Ainsi avons-nous travaillé ensemble à philosopher avec Descartes. Je vous ai
proposé un texte qui permettait de dégager un aspect de la thèse rationaliste sur
la connaissance, laquelle thèse entre en opposition avec celle rencontrée la fois
passée : la thèse empiriste de la connaissance. Ainsi le rationaliste défend-il
l’idée que la connaissance ne vient pas de l’expérience mais de la raison.
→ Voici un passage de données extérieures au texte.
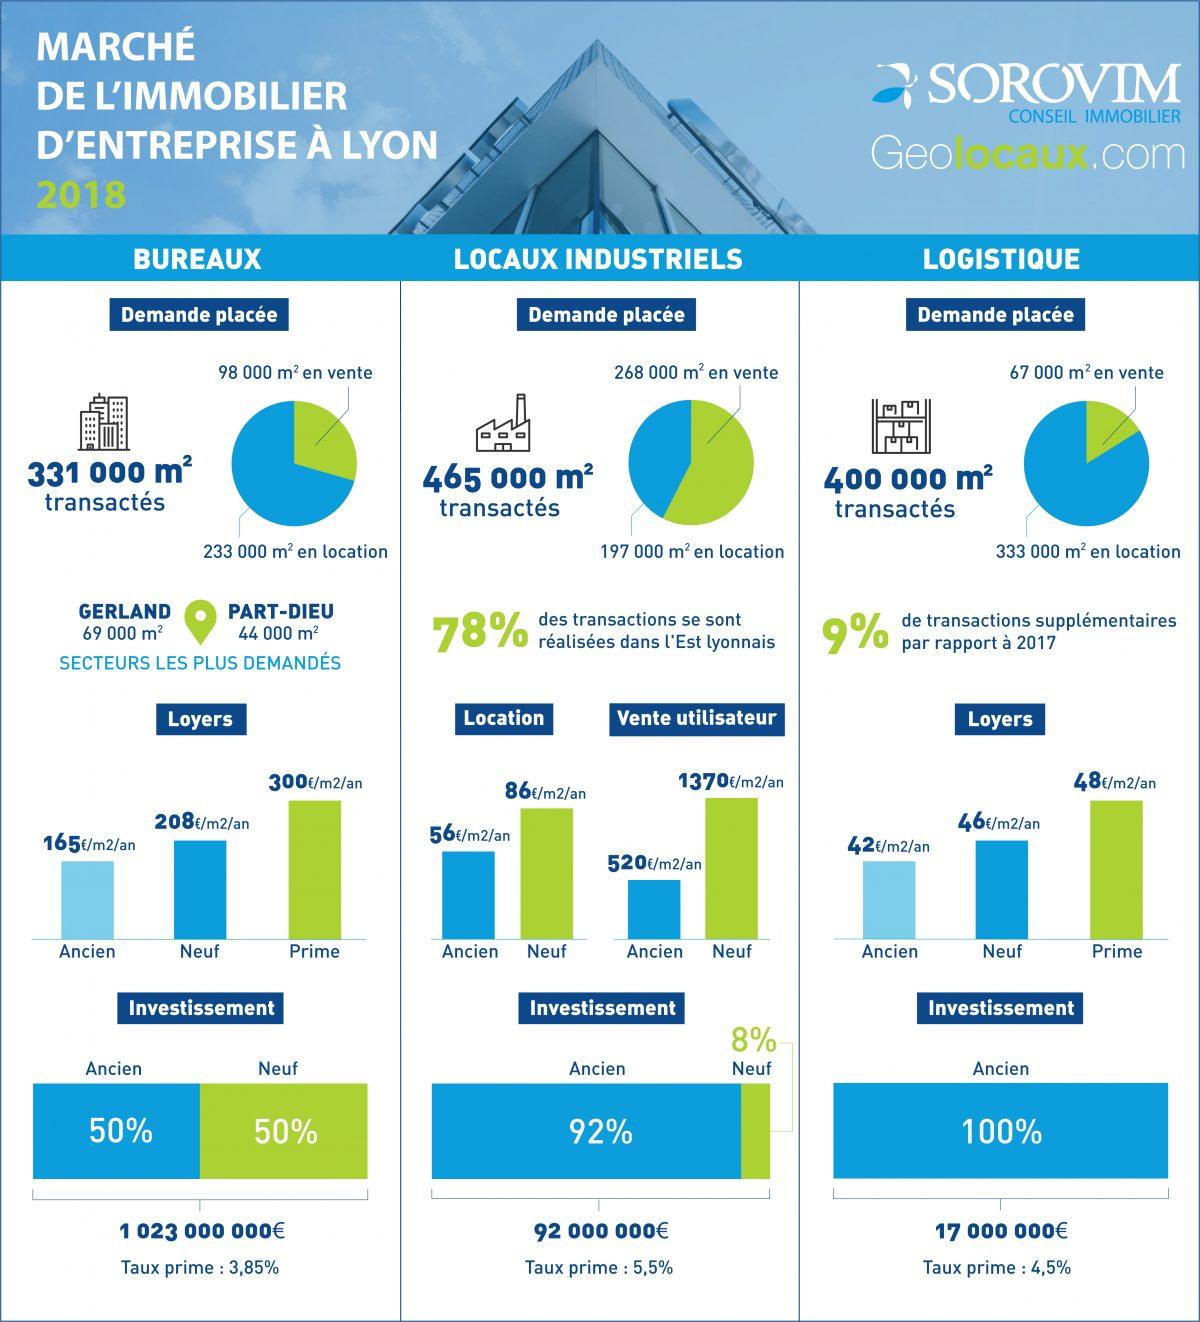 Immobilier d'entreprise à Lyon

Descartes s’amuse à nous faire prendre conscience, à partir de la considération
d’un morceau de cire, que les qualités sensibles des corps ne nous permettent
pas de savoir ce que sont ces corps. En effet, la simple expérimentation ne nous
permet aucune connaissance car elle condamne l’expérimentateur à la passivité,
laquelle ne peut faire aboutir à quelque connaissance que ce soit. La cire, froide,
est dure, odorante, etc., alors que la cire approchée du feu est molle, sans odeur,
etc. Qu’en conclure ? Que la cire est changeante, par exemple ? Mais cette seule
affirmation me fait comprendre que ma « lecture » de l’expérience se fait à partir
d’idées qui sont dans ma tête et qui ne peuvent aucunement venir de
l’expérience. En effet, si je puis apprécier que deux apparences sont tantôt celles
d’une même corps, tantôt celles de deux corps différents, c’est bien à l’aune de
d’une idée : celle que la diversité (des apparences) n’invalide pas
nécessairement le fait de l’identité (des corps) ! Etc. Ainsi Descartes finira-t-il
pas dire que l’idée fondamentale qui me permet d’étudier le monde comme un
ensemble de corps (identité car il s’agit toujours de corps) tandis que tous ces
corps sont divers (variétés des formes, consistances, etc. dans le monde), c’est
celle d’étendue (espace). Si le monde est fondamentalement espace, alors c’est
la géométrie qui me permet de le connaître : « Toute ma physique est
géométrie », dira Descartes. Les idées qui sont dans ma tête (sans venir de
l’expérience et donc « innées » selon Descartes) sont ainsi l’ensemble des
mathématiques qu’il me faut développer en faisant précisément des
mathématiques.
Toutefois, savoir, c’est nécessairement savoir que l’on sait. Descartes regarde
l’évidence des idées devenues « claires et distinctes » (évidence conquise par
une recherche rigoureuse, donc, et non celle, immédiate, des préjugés) comme le
critère de reconnaissance des jugements vrais. Soit, mais on pourra toujours
objecter à Descartes que le monde n’est peut-être pas mathématiquement
organisé (« un grand livre écrit en langage mathématique », selon l’expression
de Galilée) et qu’ainsi nous ne faisons qu’interpréter le monde
mathématiquement ! Pour sauver l’idée de connaissance et ne pas retomber,
comme c’est le cas avec les empiristes, dans celle de la seule croyance possible,
Descartes introduit la véracité divine dans son système. Mais rigoureusement :
Descartes a en effet cru réussir à prouver l’existence de dieu. Ainsi Dieu ne
peut-il pas faire que je me trompe quand, ayant bien usé de mes facultés (et
ayant bien exercé les mathématiques qui sont dans ma tête, « empreinte de
l’ouvrier [Dieu ] sur son ouvrage [l’homme]), je crois être dans le vrai.